В воскресенье, что-то около шести вечера, я зашел в редакцию газеты и в лифте встретил Герреро. Спросил его о последних новостях. Он сказал, что регату выиграли рыбаки и что погиб Хемингуэй от случайно разрядившегося ружья. Таковы были ударные сообщения для первой полосы.

На пятом эта же я просмотрел телеграфные сообщения и понял, как все это произошло. Вспомнил про давно известную навязчивую мысль Хемингуэя и сопоставил ее с просочившейся недавно информацией о прохождении им курса лечения в двух больницах. И сразу же подумал, что он, должно быть, болен какой-то неизлечимой болезнью и потому покончил с собой.

Впрочем, в тот момент я не был способен в полной мере оценить произошедшее. Лишь смутно догадывался, что уход великого старика далеко не безразличен для многих людей, а не только для литературы. Хемингуэй оказал на меня влияние и своим жизненным опытом, и своими произведениями. Но это было лет шесть-семь назад, а потом я пришел к неприятию многого в нем, и он как-то ушел из литературного моего кругозора.

Спустя два-три дня после его смерти я начал задумываться о его судьбе и вспоминать прочитанное о нем. Само собой разумеется, что к воспоминаниям о прочитанном примешивались и какие-то образы из скверных фильмов, снятых по его романам и рассказам. Мне представилась внутренняя борьба в нем между женским цивилизующим материнским мирком и мужским, спортивным, отцовским.

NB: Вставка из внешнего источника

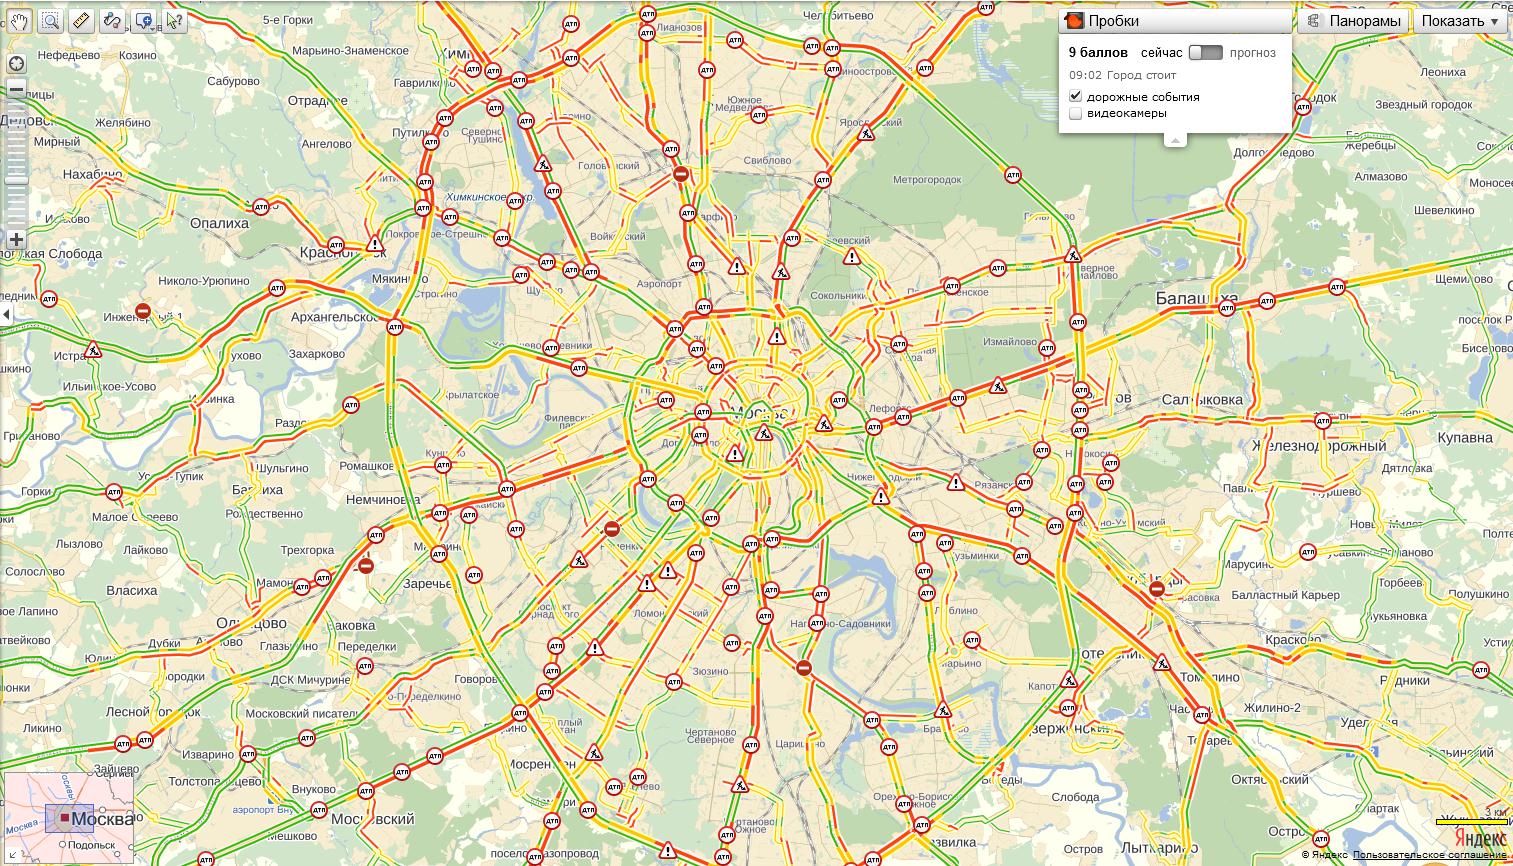 Показать на карте мкад. Карта Москвы с метро и улицами. МКАД на карте Москвы с метро. Многокилометровые пробки в Москве. Карта автодорог Москвы.

Посещения индейцев в лесных поселениях, война и ранение где-то на берегах Пьяве, его жены: Хэдли, Полина, Марта, Мэри, жизнь в Париже на площади Контрэскарп впроголодь, в сущности, на жареной картошке, когда, желая обрести творческую свободу, он отказался от денег Херста. Потом Ки-Уэст и спорт, испанская война, "взятие" парижского отеля "Ритц". Его плохие рассказы и его отличные рассказы, критики, которые его "разрушали", и критики, которые его "созидали". Те, кто писал о нем благожелательно, как О’Хара и Кестлер, и те, кто писал о нем плохо, как г-жа Стайн и Макс Истмен.

Вспомнил, как я познакомился с ним. Рассказать об этом следует, так как случай весьма характерен д ля своеобразного его поведения. Однажды вечером мы с моим другом Бернардо Диесом сидели во "Флоридите". Болтая и глядя по сторонам, мы обнаружили Хемингуэя, который сидел, облокотившись на стойку. Перед ним стоял стакан джина, и он писал что-то своим фломастером на листочках газетной бумаги. Когда мы подошли поприветствовать его, он прямо-таки взорвался. "Что, вы считаете, что можно мешать человеку только потому, что он находится в публичном месте?" — грубо оборвал он нас. Бернардо начал было что-то объяснять, но тут кулак Хемингуэя обрушился на подбородок Бернардо. Тот еле увернулся от этого сокрушительного удара. Во избежание скандала мы отошли к другому концу стойки, очень подавленные и, не скрою, слегка обозленные. Хемингуэй продолжал писать, словно ничего не произошло. Через час мы собрались уходить и потребовали счет. Бармен сказал, что наш счет оплатил Хемингуэй. Наше возмущение уступило место удивлению. Хемингуэй подошел к нам, улыбаясь. Демон вспыльчивости испарился. Он сказал, что сожалеет о случившемся, но когда он пишет, то находится в такой прострации, что не контролирует себя во воем остальном, а мы помешали ему. Прибавил еще, что из Бернардо мог бы получиться хороший боксер, и пригласил нас к себе в Финку Вихию.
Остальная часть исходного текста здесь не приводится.